**Task material**.
────────────────
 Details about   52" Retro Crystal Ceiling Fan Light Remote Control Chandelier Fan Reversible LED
────────────────
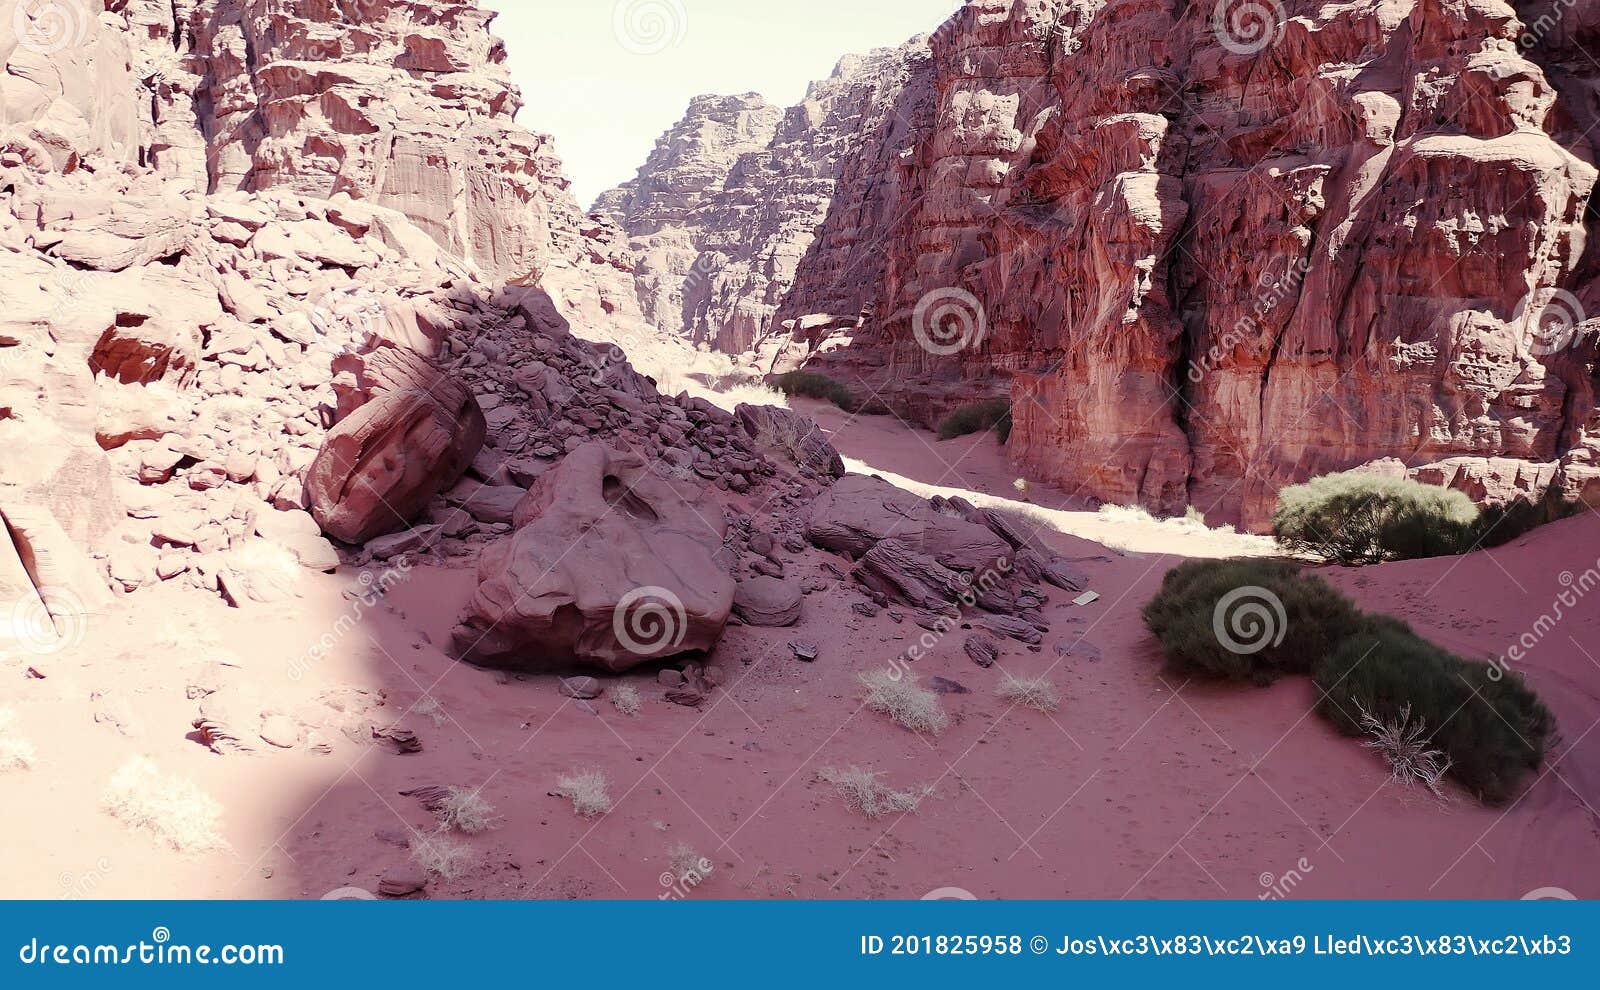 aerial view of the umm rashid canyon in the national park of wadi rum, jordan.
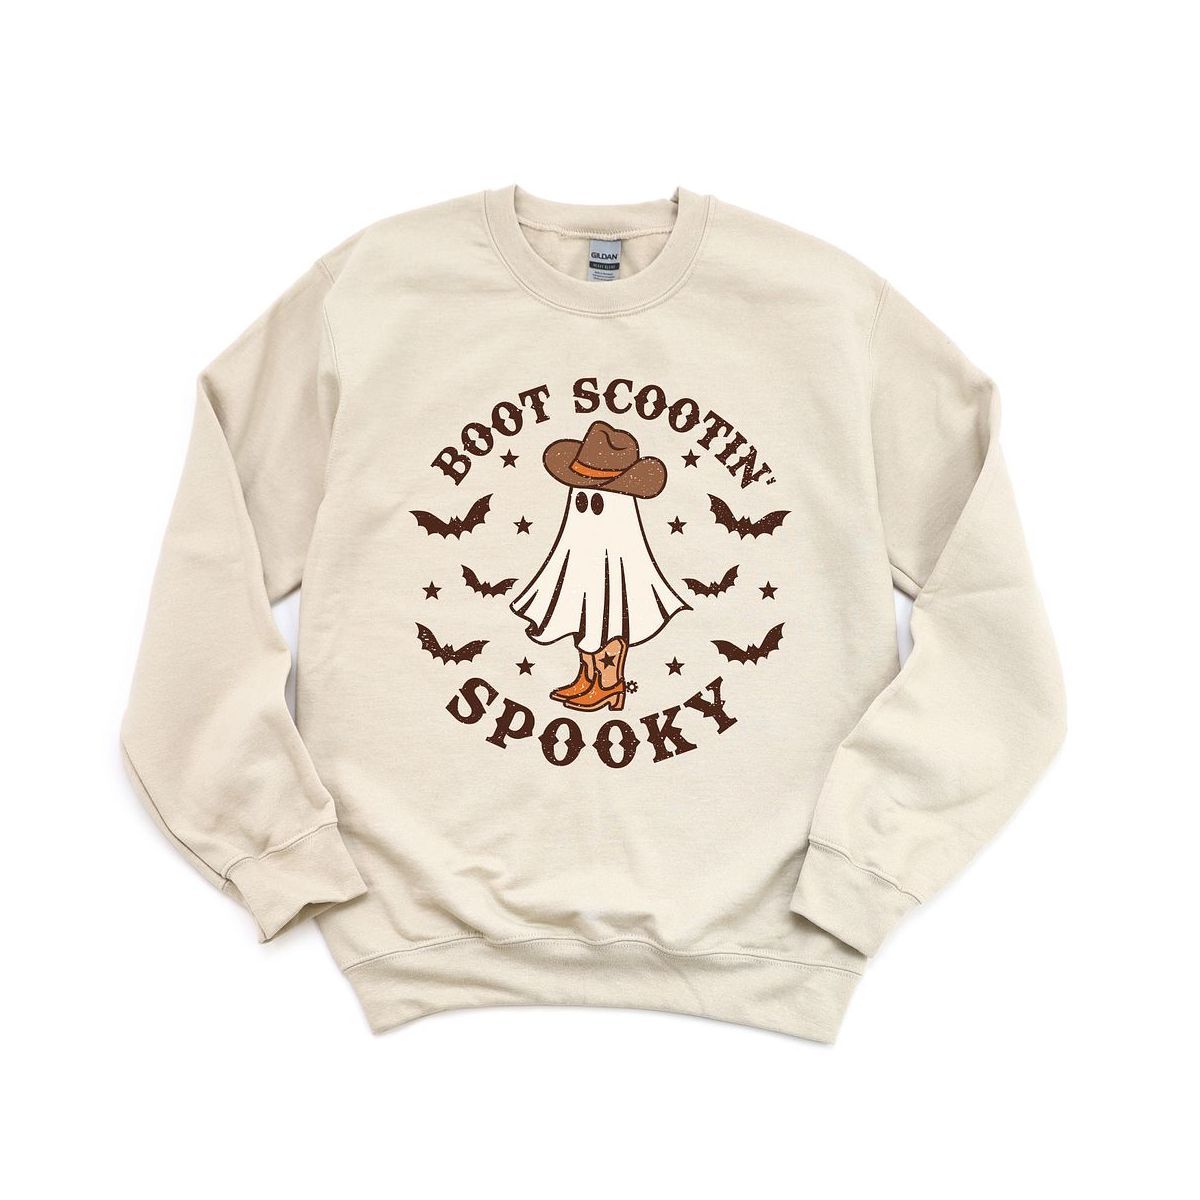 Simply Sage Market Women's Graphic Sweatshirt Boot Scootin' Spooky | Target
────────────────
**What is being asked**. Print, exactly and with no pictures, the lines of the listing above starting at the one that has "aerial view of" and ending at the one that has "Simply Sage Market", both included.

**Your response**.
 aerial view of the umm rashid canyon in the national park of wadi rum, jordan.
 Simply Sage Market Women's Graphic Sweatshirt Boot Scootin' Spooky | Target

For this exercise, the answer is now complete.